Через несколько месяцев финансовый вопрос встал перед Котельниковыми уже настолько остро, что впору было идти на паперть, и глава семьи решил отправиться на заработки. Двоюродный дядька позвал его в Архангельскую область, к себе, на горно-обогатительный комбинат. И не абы куда, а на разработку месторождений алмазов.

Ольга — в плач:

— Ты что, оставишь меня одну со слепым ребенком на руках? Я не справлюсь! Ты же знаешь: мама мне не помощница — ей не на кого оставить парализованного отца и домашнюю живность.

— Прекрати паниковать! Все ты справишься, — стукнул Олег кулаком по столу. — Там водителю карьерного самосвала платят вдвое больше, чем здесь. Вдвое! Кроме того, на комбинате широко распространены компенсации, надбавки и премии. А потом, я же буду приезжать: три месяца работы — один месяц отпуска. Как капитан дальнего плавания. Я больше нигде столько не заработаю, просто нигде!

Крыть Ольге было нечем. Им и раньше, без сына, при двух зарплатах, денег не особо хватало — съемная квартира, мебель и мотоцикл — в рассрочке, а уж теперь-то…

2

Олег улетел на вахту. Ольга осталась одна с восьмимесячным Ванюшкой. Ей было очень страшно, ведь если с сыном что-то случится, она даже не знает, к кому ей обратиться — не маме же в Белоруссию телеграмму давать. К тому же, Котельникова понятия не имела, как воспитывать незрячего ребенка. Шел 1983 год — в Проскуринске не было ни специализированных заведений по данному профилю, ни филиала Всероссийского общества слепых. Оставалось действовать методом проб и ошибок.

Ольга все время находилась рядом с сыном, не оставляя его ни на минуту. Спала с ним в одной постели, причем, всегда лицом к нему. Женщина панически боялась, что младенец перестанет дышать, неловко перевернется или скатится с кровати. По совету патронажной сестры она с самого начала не пеленала Ваню, оставляя его ручки свободными для того, чтобы он мог ими «изучать» окружающую его обстановку. Потом перестала пеленать и ножки. Вот и боялась, что однажды он переползет через барьер из подушек и ухнется на пол. Боялась она напрасно: попыток нарушить границы сын не предпринимал. И это пугало еще больше.

«У малоподвижных детей медленно развивается вестибулярный аппарат, а это тормозит активность движений, — сообщили молодой маме в детской поликлинике. — Чтобы компенсировать отставание, нужно как можно чаще брать Ваню на руки и всюду двигаться вместе с ним».

Придя домой, Ольга села за швейную машинку и соорудила для сына специальный рюкзачок «кенгуру». С этого момента она даже в туалет ходила вместе с ним, не говоря уже о готовке, уборке, походах на молочную кухню и в магазины. Передвигаясь вместе с мамой, Ваня совершал пассивные движения и получал хороший телесный контакт, столь необходимый слепому младенцу.

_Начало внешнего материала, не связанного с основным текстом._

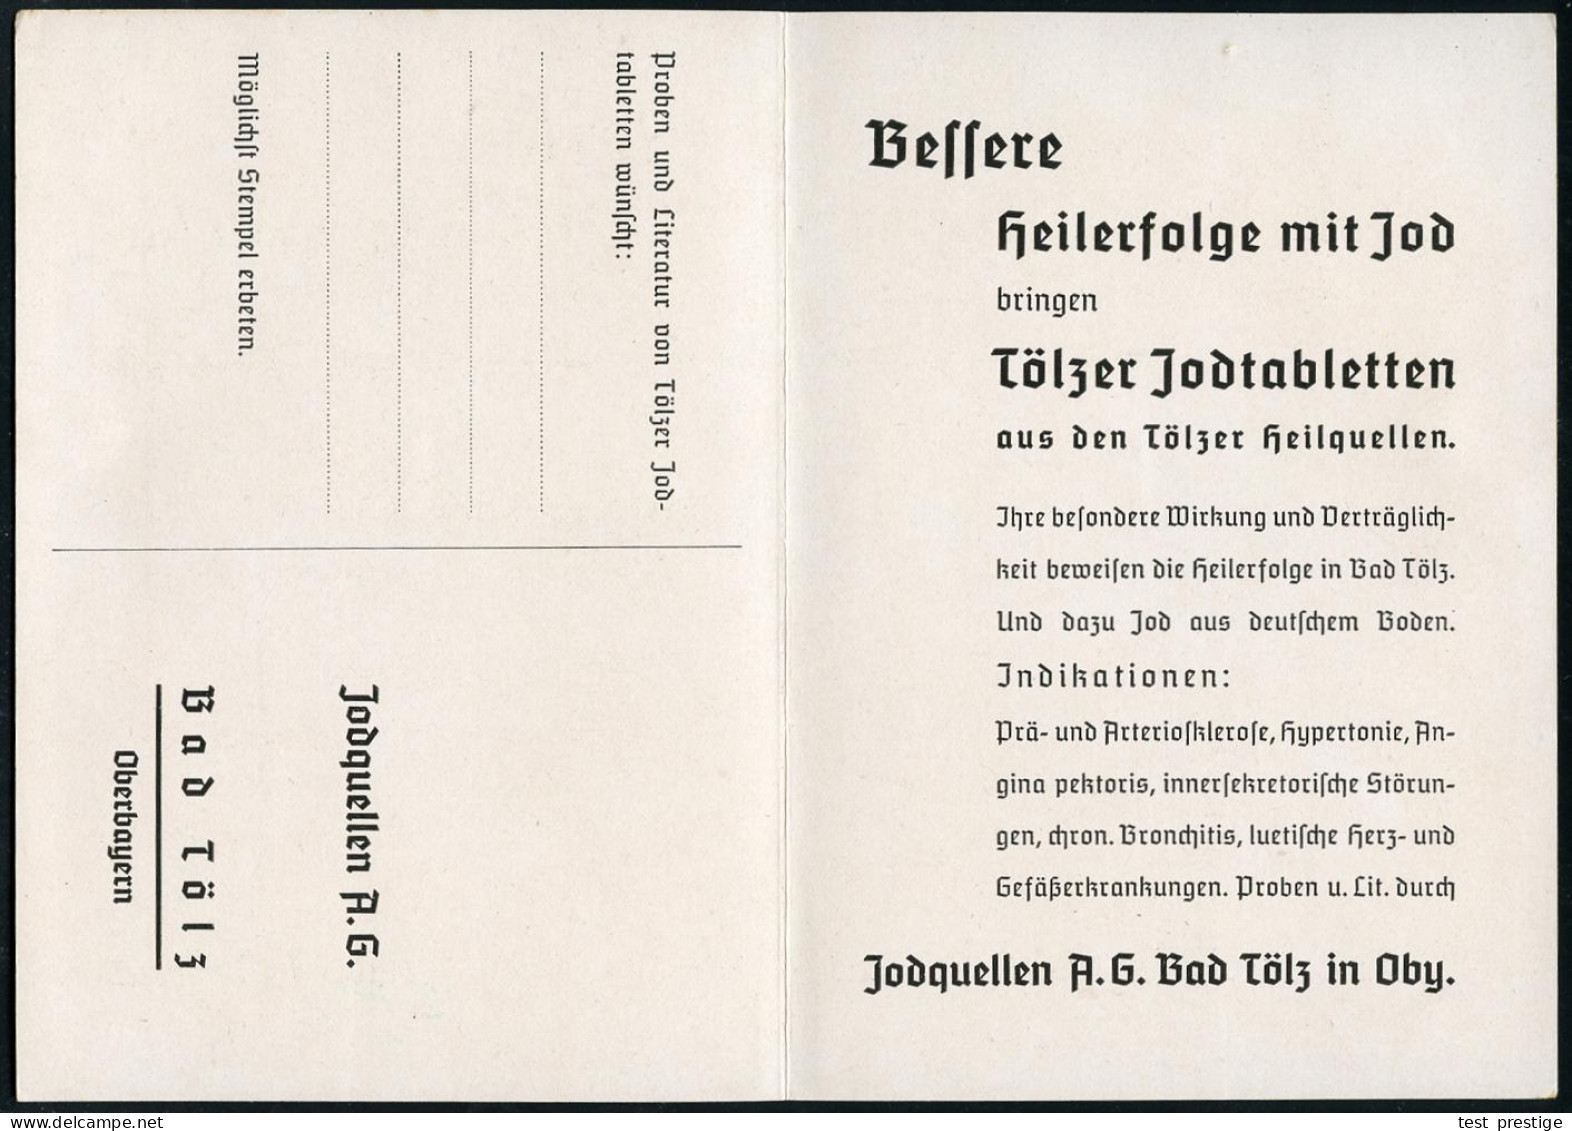 BAD TÖLZ/ *1*/ GEGEN/ ADERVER/ KALKUNG/ UND/ BLUTHOCHDRUCK../ KRANKENHEILER JODQUELLEN AG/ JOD-BAD TÖLZ.. 1936 (13.1.) S - Pharmacy
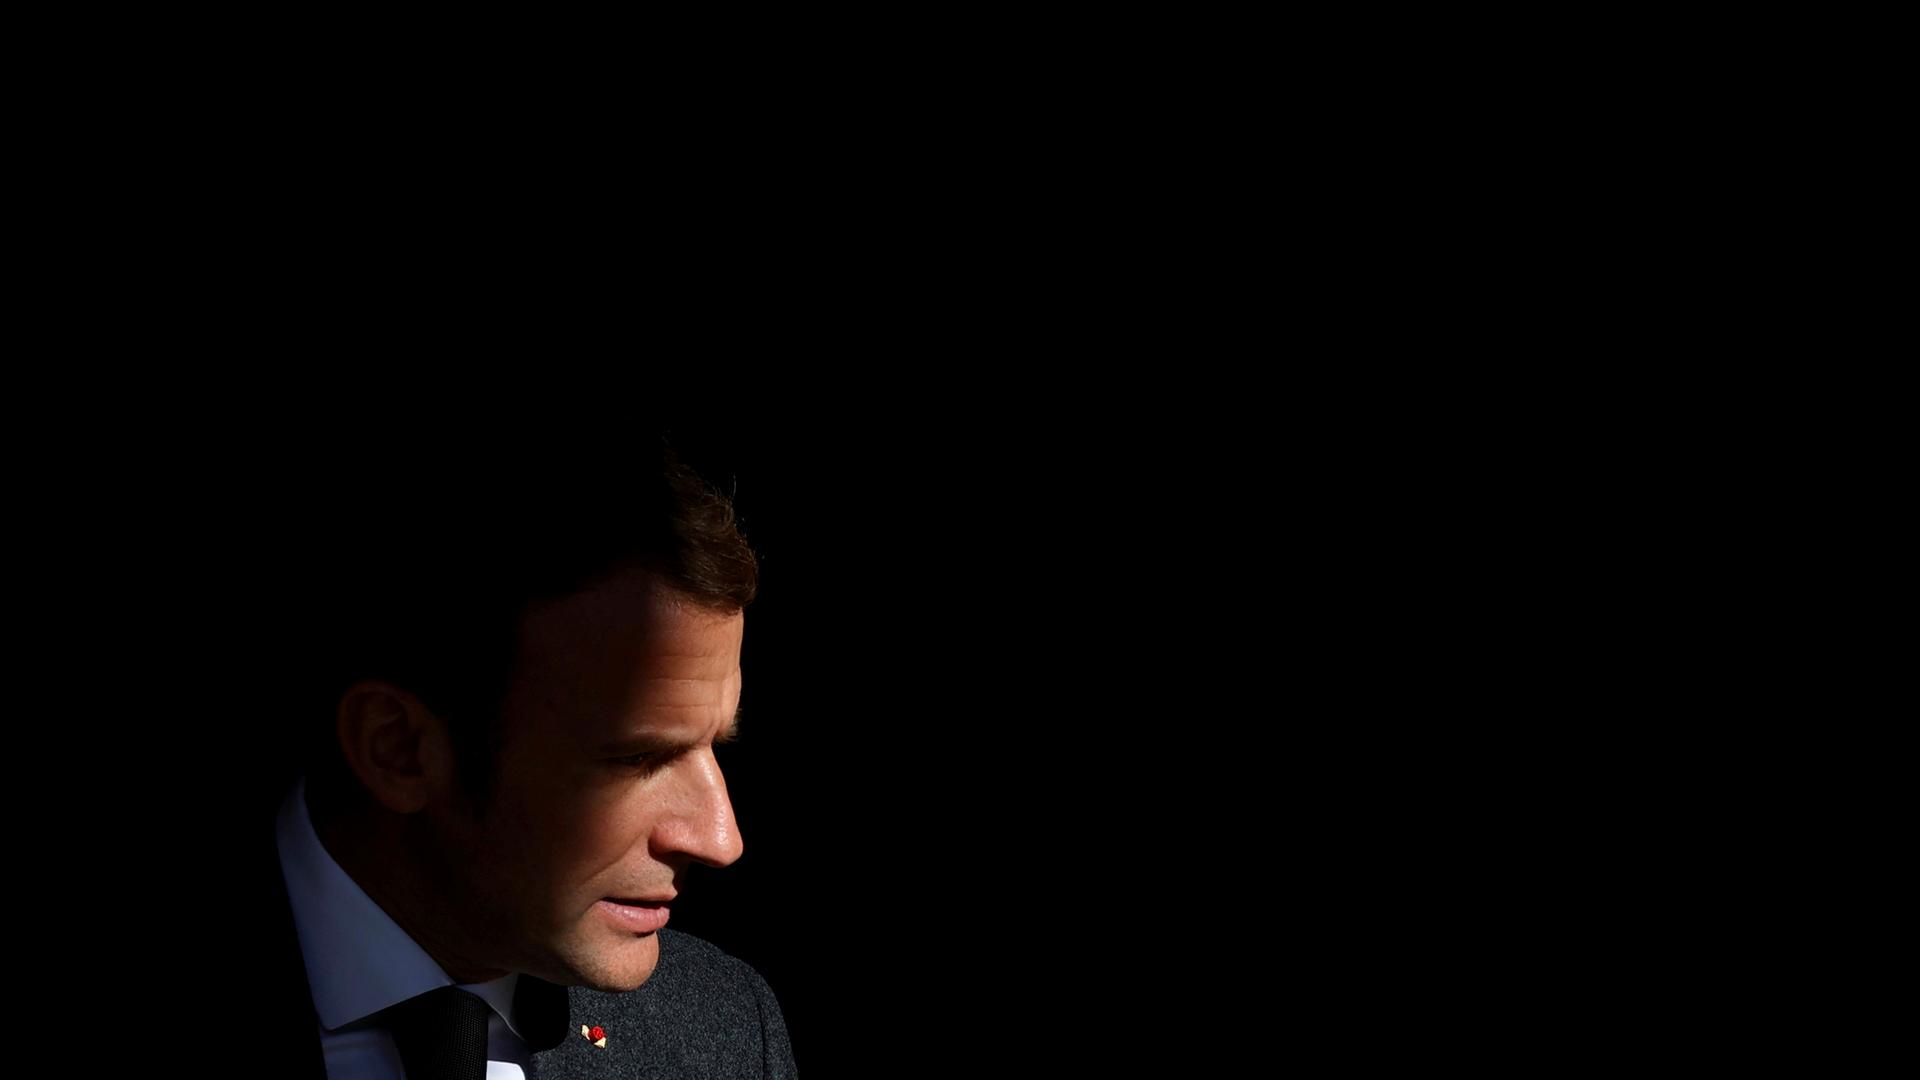 Frankreichs Präsident Emmanuel Macron im Profil vor dunkelm Hintergrund

Вскоре Ольга стала замечать, что сын все чаще улыбается ей, обнимает за шею, ощупывает ее лицо и руки. В женском отрывном календаре, висящем у них на кухне, она прочла совет для мам слабовидящих младенцев: «Смастерите для малыша специальное одеяло из лоскутов тканей с различной текстурой. По его краям пришейте колечки, пуговицы, шарики от погремушек, катушки от ниток, веревочки, бубенцы. Пусть все это он изучит руками, переворачиваясь со спинки на животик, с левого бочка на правый и наоборот. Поощряйте желание ребенка использовать руки для обследования различных предметов и материалов. Показывая ему что-либо, управляйте его руками. Накладывайте на них свои и одновременно рассказывайте ребенку, какого цвета предмет, какова его форма, для чего он служит и как им пользоваться».

Обрадовавшись подсказке, женщина в этот же день сшила Ванюшке одеяльце, и он так полюбил играть с шариками, прищепками, колечками и катушками, что на купленные в магазине игрушки не обращал никакого внимания. Следующим шагом развития ребенка стали динамичные игры и упражнения под музыку, которая звучала в квартире с утра до вечера. Ольга пела детские песенки из мультфильмов и танцевала под музыку, доносящуюся из телевизора и проигрывателя. Вскоре и Ваня стал подпрыгивать в своей «кенгурушке» и подпевать матери, сначала без слов, потом с каким-то их подобием.

К огромной ее радости, мальчик, хоть и с опозданием, но начал-таки сидеть, ползать и стоять, держась за опору. Стал прислушиваться к звукам: крикам детей во дворе, сигналам машин на улице, телефонным звонкам, свисту закипающего на кухне чайника. Значение каждого из них Ольга терпеливо разъясняла: «Это, Ванюша, нам папа звонит из северного города Мирный. Он там работает на большой-пребольшой машине, которая называется БелАЗ. Он по тебе очень скучает и скоро приедет домой», «Это, сынок, — мусорная машина недовольно сигналит. Наверное, наш сосед Кукушкин опять припарковал свою „Ладу“ у нее на пути. Сейчас он выскочит из подъезда во двор и будет громко ругаться с водителем мусоровоза», «О, чайник вскипел! Идем на кухню пить чаек с медом».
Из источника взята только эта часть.